= Eduard Ebel =

German writer and pastor

Eduard Ebel (born August 7, 1839, in Stargard, West Prussia; † January 30, 1905, in Halle (Saale)) was a German Protestant pastor, superintendent and poet. He became known above all as the author of the still popular winter song Leise rieselt der Schnee, whose text he published in 1895 under the title Weihnachtsgruß.

== Life ==
Ebel studied theology in Königsberg (Prussia) and became a member of the student fraternity Germania in the summer semester of 1857. 1863/64 he was Oberhelfer (parish candidate) at the Rauhen Haus in Hamburg, 1866–69 pastor at the Franco-German Protestant parish of Beirut, 1866–69 pastor at the Diakonissenhaus in Königsberg, 1872 he became pastor of the Protestant parish in Graudenz and afterwards Protestant Superintendent in Halle (Saale).

He was married to Anna née Roethe, a sister of the medievalist Gustav Roethe.

In 1955, Eduard Ebel's daughter received an annual royalty of almost DM 10,000 from German music performance rights organization GEMA for "Leise rieselt der Schnee" (at the time, the standard period of music protection was 50 years after the author's death).

== Publications ==
- Weihnachten im Johanniterhospital zu Beirut in Syrien.
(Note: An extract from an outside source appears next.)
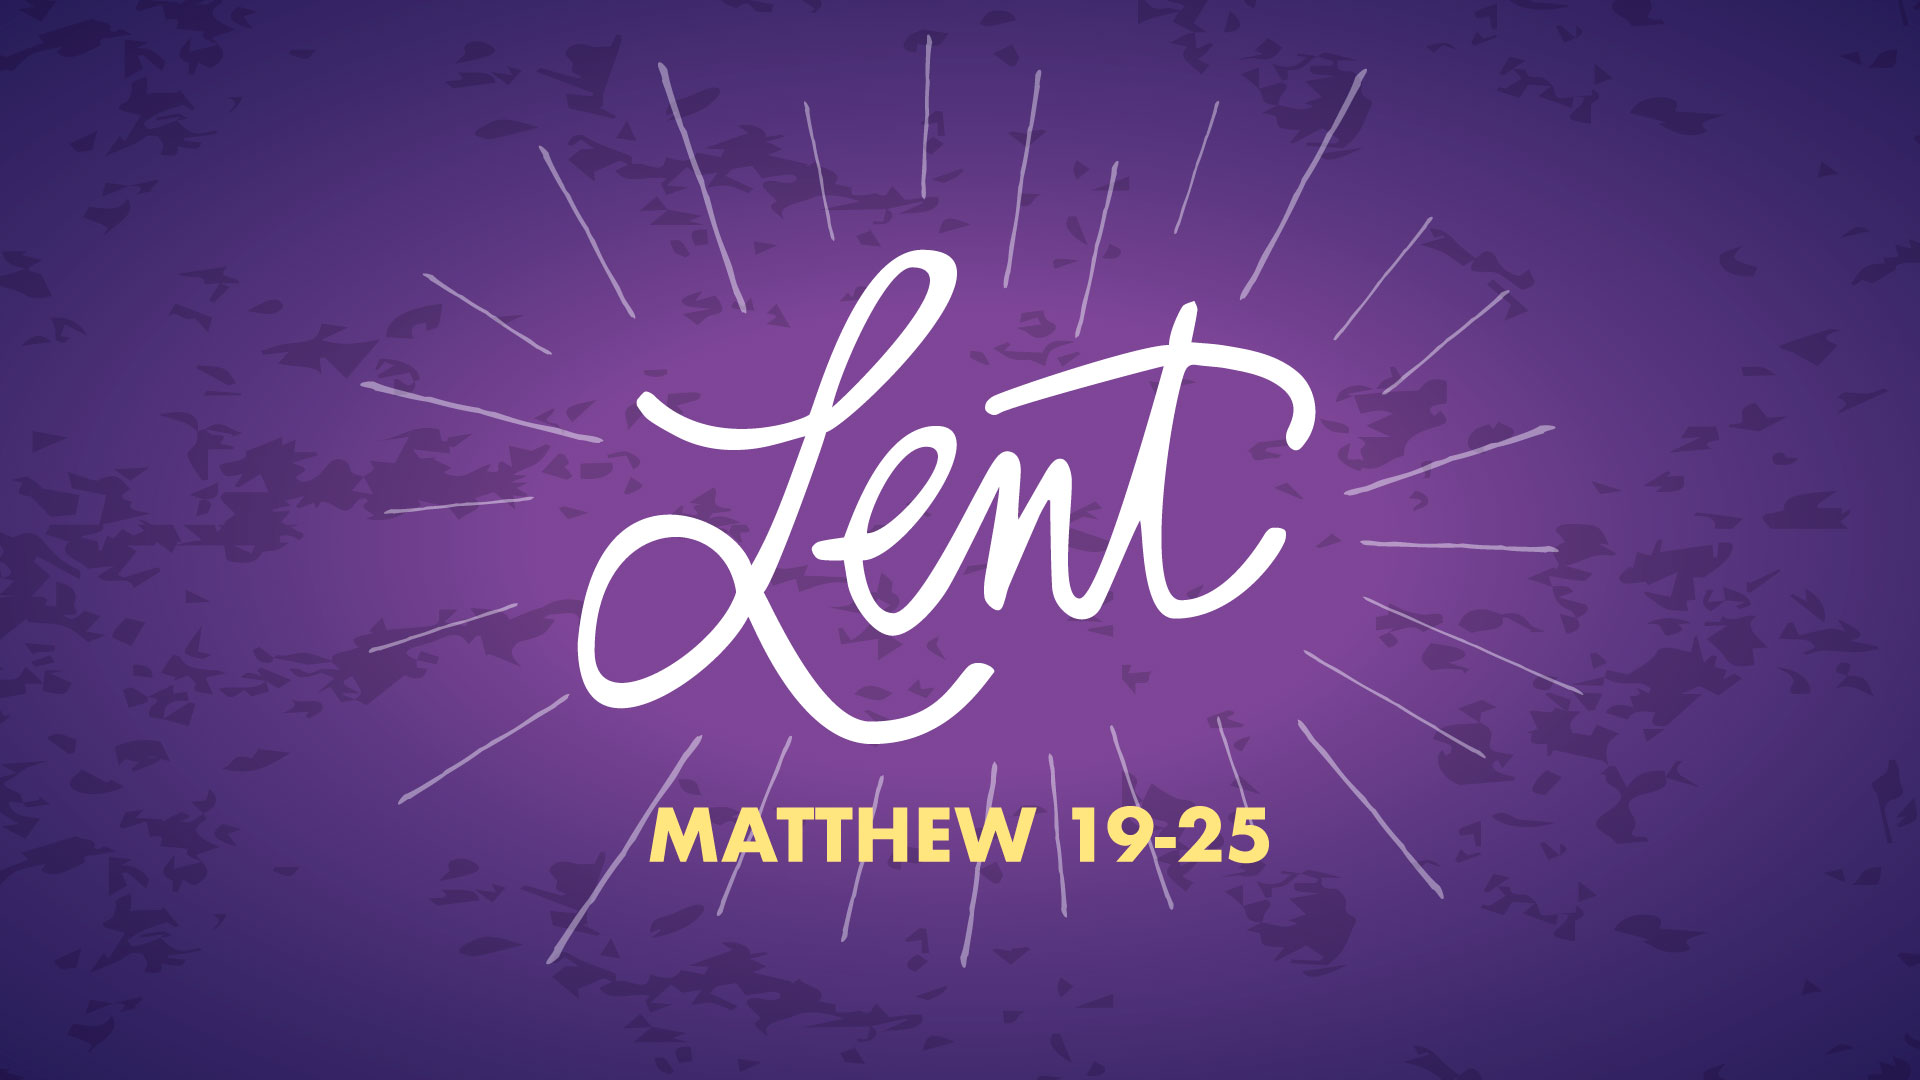 Lent: Matthew 19-25

In: Wochenblatt der Johanniter-Ordens-Balley Brandenburg, Band 10 (1869), Nr. 5, 3. Februar 1869, p. 27–28.
- Morgenland und heilige Schrift: zwei Vorträge. Königsberg 1873.
- Kurze Geschichte der evangelischen Gemeinde Graudenz. Zur Feier des 100jährigen Bestehens der Friedrichskirche. 1885.
- Die soziale Frage und das Evangelium. 1892.
- Ein Weihnachtsmärchen. 1893.
- Gesammelte Gedichte. Gaebel, o. O. [Graudenz] 1895 (Scans from Wikimedia Commons).